Exercise requirements: Reproduce, character for character, the entries from their opening line through the line with "La protesta de".

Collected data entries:

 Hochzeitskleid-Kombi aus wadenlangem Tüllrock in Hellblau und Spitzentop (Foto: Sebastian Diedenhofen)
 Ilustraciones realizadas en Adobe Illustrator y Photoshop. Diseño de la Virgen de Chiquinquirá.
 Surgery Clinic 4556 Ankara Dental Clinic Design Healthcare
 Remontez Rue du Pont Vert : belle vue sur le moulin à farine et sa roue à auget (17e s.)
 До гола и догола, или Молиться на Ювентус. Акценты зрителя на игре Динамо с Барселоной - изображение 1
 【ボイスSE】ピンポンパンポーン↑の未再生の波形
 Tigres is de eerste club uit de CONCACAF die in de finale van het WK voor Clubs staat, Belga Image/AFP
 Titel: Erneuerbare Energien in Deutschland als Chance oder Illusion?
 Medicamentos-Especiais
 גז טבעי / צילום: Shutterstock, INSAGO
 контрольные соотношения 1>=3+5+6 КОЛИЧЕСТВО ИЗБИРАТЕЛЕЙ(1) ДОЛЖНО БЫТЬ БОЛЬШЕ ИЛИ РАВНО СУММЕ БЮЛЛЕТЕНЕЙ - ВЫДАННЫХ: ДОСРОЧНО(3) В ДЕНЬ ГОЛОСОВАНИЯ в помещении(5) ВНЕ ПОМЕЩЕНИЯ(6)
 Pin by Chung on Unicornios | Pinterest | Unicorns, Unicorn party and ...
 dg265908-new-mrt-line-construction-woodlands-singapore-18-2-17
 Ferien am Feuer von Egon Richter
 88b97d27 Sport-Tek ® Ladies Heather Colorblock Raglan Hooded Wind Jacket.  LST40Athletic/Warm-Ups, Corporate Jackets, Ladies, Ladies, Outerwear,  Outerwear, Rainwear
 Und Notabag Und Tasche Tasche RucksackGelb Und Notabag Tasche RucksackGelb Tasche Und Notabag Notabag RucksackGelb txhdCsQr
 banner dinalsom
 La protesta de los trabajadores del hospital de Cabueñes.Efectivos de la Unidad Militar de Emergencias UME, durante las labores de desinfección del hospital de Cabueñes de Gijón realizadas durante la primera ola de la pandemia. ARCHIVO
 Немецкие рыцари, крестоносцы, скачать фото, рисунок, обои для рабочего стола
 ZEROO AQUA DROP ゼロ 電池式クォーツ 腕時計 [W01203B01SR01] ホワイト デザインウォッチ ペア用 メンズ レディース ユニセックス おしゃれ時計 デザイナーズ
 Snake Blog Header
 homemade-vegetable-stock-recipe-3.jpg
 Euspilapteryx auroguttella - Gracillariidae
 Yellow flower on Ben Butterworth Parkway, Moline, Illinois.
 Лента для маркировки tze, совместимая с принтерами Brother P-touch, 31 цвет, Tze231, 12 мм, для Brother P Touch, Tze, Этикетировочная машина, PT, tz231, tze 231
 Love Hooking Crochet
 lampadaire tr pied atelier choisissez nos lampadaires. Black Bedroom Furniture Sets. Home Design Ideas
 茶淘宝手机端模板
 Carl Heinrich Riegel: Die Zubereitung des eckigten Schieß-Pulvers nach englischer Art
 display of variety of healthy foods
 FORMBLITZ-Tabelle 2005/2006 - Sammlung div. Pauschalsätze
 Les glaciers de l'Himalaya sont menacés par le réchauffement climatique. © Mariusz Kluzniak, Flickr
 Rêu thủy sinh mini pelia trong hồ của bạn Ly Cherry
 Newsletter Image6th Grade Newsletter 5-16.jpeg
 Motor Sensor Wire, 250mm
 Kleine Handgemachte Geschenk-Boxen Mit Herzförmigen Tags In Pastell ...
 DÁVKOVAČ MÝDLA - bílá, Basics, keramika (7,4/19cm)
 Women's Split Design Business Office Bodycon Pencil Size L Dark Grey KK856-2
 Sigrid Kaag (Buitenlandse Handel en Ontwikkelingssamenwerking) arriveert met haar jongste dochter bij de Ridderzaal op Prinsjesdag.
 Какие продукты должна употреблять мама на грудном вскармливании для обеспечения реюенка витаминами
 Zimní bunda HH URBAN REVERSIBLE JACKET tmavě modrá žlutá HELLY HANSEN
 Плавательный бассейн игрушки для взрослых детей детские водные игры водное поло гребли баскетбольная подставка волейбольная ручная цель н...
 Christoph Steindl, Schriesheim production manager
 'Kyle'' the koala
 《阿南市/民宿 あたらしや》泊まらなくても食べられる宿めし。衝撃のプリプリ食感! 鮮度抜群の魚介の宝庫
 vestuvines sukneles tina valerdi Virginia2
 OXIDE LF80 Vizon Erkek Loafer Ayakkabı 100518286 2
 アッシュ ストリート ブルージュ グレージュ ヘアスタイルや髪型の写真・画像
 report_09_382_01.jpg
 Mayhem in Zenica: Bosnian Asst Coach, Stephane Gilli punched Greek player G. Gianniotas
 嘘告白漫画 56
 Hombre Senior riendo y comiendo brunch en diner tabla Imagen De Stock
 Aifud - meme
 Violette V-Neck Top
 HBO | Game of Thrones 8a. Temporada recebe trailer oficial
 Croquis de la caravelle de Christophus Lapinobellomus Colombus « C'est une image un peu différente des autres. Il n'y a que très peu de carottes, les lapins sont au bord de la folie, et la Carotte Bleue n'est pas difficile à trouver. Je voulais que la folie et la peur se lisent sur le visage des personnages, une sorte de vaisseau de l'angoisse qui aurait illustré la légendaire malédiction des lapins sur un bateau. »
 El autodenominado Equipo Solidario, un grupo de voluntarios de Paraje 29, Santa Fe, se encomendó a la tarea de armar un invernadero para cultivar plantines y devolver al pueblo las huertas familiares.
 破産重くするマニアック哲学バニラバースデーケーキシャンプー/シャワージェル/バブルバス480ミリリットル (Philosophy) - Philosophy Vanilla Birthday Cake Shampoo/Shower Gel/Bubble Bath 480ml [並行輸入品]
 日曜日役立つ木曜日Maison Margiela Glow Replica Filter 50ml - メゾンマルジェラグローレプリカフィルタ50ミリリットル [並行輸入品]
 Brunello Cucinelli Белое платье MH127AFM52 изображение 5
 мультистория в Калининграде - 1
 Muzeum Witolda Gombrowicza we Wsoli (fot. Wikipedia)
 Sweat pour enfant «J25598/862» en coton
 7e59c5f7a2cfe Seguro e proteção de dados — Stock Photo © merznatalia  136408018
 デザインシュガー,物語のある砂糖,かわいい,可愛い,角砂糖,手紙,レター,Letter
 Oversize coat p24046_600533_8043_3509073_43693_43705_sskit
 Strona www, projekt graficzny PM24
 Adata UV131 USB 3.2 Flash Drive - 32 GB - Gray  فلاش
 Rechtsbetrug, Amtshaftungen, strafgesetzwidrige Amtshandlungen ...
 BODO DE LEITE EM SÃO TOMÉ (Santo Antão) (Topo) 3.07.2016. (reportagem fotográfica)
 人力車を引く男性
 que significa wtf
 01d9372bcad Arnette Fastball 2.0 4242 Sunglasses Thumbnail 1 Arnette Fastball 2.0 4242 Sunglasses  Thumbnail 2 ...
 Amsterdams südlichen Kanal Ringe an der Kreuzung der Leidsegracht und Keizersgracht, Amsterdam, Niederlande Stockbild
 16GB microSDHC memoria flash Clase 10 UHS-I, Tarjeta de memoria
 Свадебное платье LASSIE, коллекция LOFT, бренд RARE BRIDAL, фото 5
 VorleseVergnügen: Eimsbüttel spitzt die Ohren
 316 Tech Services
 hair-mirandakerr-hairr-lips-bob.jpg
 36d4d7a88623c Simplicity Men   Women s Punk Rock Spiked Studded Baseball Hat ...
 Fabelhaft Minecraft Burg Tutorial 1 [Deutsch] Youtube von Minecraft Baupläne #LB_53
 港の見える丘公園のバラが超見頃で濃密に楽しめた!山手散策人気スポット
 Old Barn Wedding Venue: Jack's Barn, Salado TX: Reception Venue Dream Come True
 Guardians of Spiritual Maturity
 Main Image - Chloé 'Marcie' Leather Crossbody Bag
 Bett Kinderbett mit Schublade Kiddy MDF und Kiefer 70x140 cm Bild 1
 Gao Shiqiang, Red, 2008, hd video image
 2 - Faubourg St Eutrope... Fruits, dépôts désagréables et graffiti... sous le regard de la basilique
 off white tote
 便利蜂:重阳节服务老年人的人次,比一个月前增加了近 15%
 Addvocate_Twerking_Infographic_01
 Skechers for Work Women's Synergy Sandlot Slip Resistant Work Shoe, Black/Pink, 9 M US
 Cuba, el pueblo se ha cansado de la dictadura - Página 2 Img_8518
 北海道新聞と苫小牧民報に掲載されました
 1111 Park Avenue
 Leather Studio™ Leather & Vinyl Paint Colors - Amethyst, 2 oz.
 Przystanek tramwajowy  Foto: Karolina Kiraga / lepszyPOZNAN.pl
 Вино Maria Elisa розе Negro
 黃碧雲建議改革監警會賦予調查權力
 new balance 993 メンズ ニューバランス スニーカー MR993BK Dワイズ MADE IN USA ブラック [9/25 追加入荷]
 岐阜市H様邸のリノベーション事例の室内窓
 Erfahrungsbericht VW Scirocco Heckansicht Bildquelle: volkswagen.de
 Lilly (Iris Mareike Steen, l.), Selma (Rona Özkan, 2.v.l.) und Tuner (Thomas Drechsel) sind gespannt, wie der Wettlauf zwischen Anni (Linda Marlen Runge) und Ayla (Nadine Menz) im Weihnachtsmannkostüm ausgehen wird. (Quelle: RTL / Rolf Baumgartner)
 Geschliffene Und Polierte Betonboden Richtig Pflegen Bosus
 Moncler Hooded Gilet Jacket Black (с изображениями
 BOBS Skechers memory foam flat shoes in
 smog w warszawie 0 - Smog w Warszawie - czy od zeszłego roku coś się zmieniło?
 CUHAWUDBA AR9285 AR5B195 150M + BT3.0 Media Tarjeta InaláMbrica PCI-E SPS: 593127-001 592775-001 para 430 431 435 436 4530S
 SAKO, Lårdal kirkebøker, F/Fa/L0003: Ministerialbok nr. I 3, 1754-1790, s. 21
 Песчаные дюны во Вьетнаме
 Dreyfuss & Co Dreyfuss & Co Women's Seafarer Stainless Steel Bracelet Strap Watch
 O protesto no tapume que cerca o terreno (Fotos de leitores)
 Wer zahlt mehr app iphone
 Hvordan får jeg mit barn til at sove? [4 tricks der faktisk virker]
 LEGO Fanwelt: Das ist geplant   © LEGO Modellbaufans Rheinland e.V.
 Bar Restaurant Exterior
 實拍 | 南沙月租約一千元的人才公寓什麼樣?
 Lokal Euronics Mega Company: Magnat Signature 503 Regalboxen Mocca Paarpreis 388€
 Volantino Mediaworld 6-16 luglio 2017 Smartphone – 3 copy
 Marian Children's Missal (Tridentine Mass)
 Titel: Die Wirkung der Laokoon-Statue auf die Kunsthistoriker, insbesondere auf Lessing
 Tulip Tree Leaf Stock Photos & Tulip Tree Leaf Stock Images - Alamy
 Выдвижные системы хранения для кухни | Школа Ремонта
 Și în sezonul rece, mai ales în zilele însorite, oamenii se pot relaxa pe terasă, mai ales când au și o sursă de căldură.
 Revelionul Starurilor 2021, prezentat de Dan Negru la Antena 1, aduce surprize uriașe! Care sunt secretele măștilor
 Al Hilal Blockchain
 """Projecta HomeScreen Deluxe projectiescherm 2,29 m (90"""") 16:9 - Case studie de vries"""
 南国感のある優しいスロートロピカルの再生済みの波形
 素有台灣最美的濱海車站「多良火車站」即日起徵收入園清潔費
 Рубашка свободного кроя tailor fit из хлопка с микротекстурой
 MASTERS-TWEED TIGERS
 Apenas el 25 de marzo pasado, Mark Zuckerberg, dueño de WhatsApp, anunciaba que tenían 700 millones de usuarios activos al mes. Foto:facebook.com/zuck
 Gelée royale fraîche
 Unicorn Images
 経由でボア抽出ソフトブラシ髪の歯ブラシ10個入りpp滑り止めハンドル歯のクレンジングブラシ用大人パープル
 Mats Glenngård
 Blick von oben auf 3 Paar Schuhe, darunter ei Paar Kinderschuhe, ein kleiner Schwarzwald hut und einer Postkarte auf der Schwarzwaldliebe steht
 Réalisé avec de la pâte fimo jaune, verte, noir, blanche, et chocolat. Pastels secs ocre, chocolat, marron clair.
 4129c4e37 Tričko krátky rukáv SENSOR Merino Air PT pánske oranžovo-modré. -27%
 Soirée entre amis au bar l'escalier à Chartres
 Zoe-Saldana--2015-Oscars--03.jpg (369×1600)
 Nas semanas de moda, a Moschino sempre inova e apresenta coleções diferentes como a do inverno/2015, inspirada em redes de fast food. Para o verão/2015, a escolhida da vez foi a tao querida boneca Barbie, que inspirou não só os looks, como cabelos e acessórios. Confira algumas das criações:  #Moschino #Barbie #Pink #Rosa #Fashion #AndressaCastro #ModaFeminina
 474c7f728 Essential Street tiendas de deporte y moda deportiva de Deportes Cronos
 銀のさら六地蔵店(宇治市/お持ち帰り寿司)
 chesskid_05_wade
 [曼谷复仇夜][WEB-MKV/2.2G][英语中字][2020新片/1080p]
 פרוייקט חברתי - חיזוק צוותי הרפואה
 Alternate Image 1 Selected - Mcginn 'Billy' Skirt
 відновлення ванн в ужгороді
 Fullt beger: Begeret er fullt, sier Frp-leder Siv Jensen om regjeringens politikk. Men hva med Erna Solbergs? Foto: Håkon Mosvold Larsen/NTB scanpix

Response:
 Hochzeitskleid-Kombi aus wadenlangem Tüllrock in Hellblau und Spitzentop (Foto: Sebastian Diedenhofen)
 Ilustraciones realizadas en Adobe Illustrator y Photoshop. Diseño de la Virgen de Chiquinquirá.
 Surgery Clinic 4556 Ankara Dental Clinic Design Healthcare
 Remontez Rue du Pont Vert : belle vue sur le moulin à farine et sa roue à auget (17e s.)
 До гола и догола, или Молиться на Ювентус. Акценты зрителя на игре Динамо с Барселоной - изображение 1
 【ボイスSE】ピンポンパンポーン↑の未再生の波形
 Tigres is de eerste club uit de CONCACAF die in de finale van het WK voor Clubs staat, Belga Image/AFP
 Titel: Erneuerbare Energien in Deutschland als Chance oder Illusion?
 Medicamentos-Especiais
 גז טבעי / צילום: Shutterstock, INSAGO
 контрольные соотношения 1>=3+5+6 КОЛИЧЕСТВО ИЗБИРАТЕЛЕЙ(1) ДОЛЖНО БЫТЬ БОЛЬШЕ ИЛИ РАВНО СУММЕ БЮЛЛЕТЕНЕЙ - ВЫДАННЫХ: ДОСРОЧНО(3) В ДЕНЬ ГОЛОСОВАНИЯ в помещении(5) ВНЕ ПОМЕЩЕНИЯ(6)
 Pin by Chung on Unicornios | Pinterest | Unicorns, Unicorn party and ...
 dg265908-new-mrt-line-construction-woodlands-singapore-18-2-17
 Ferien am Feuer von Egon Richter
 88b97d27 Sport-Tek ® Ladies Heather Colorblock Raglan Hooded Wind Jacket.  LST40Athletic/Warm-Ups, Corporate Jackets, Ladies, Ladies, Outerwear,  Outerwear, Rainwear
 Und Notabag Und Tasche Tasche RucksackGelb Und Notabag Tasche RucksackGelb Tasche Und Notabag Notabag RucksackGelb txhdCsQr
 banner dinalsom
 La protesta de los trabajadores del hospital de Cabueñes.Efectivos de la Unidad Militar de Emergencias UME, durante las labores de desinfección del hospital de Cabueñes de Gijón realizadas durante la primera ola de la pandemia. ARCHIVO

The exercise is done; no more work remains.